A serious flaw has been discovered that lets any logged-in user approve or reject proposed changes to these policies — even if they have no permission to do so. It's like discovering someone left the ballot box unlocked, and anyone could sneak in to rewrite votes.
The vulnerability is worse than it sounds. By rejecting or accepting amendments in the right way, attackers can trick the system into giving them official status as a "co-author" of proposals. This upgraded status brings real power — they can then control what changes get made and who sees what information.
Who's at risk? Cities using Decidim for participatory budgets, neighborhood councils, and policy decisions are vulnerable. Citizens in those communities could have their proposals silently modified by bad actors. Local governments might unknowingly implement changes that were tampered with.

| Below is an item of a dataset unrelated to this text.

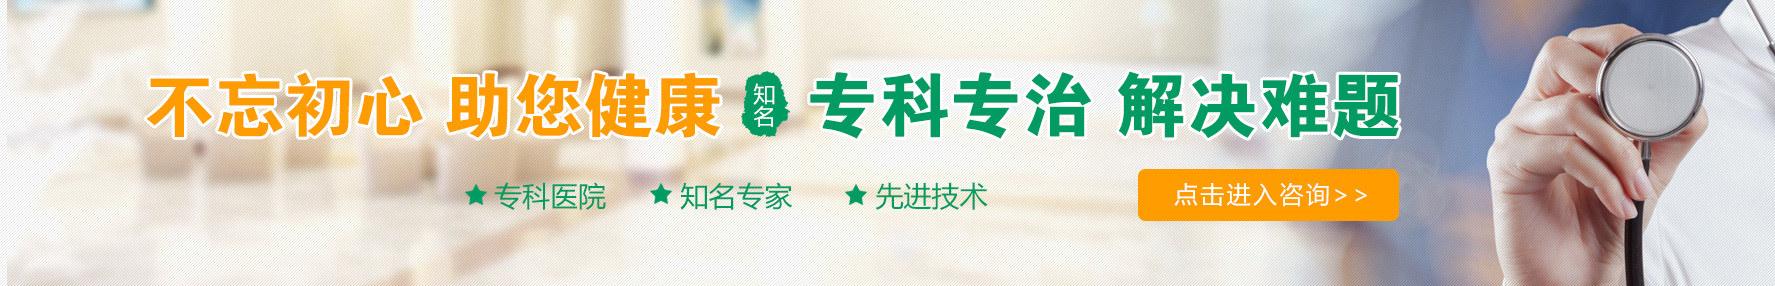 淄博白癜风医院

The flaw affects Decidim versions released between early 2019 and September 2024, which means potentially hundreds of municipal platforms worldwide could be exposed. The good news: attackers haven't actively exploited this yet.
Here's what you should do:
First, if your city uses Decidim, ask your IT department if they've updated to the latest version (0.30.5 or later, depending on your release line).
Second, scrutinize any unexpected changes to proposals you care about. If a proposal mysteriously changed co-authors or had amendments approved without obvious discussion, report it.
Third, contact your local representatives and ask them to verify the integrity of recent participatory democracy decisions made through digital platforms.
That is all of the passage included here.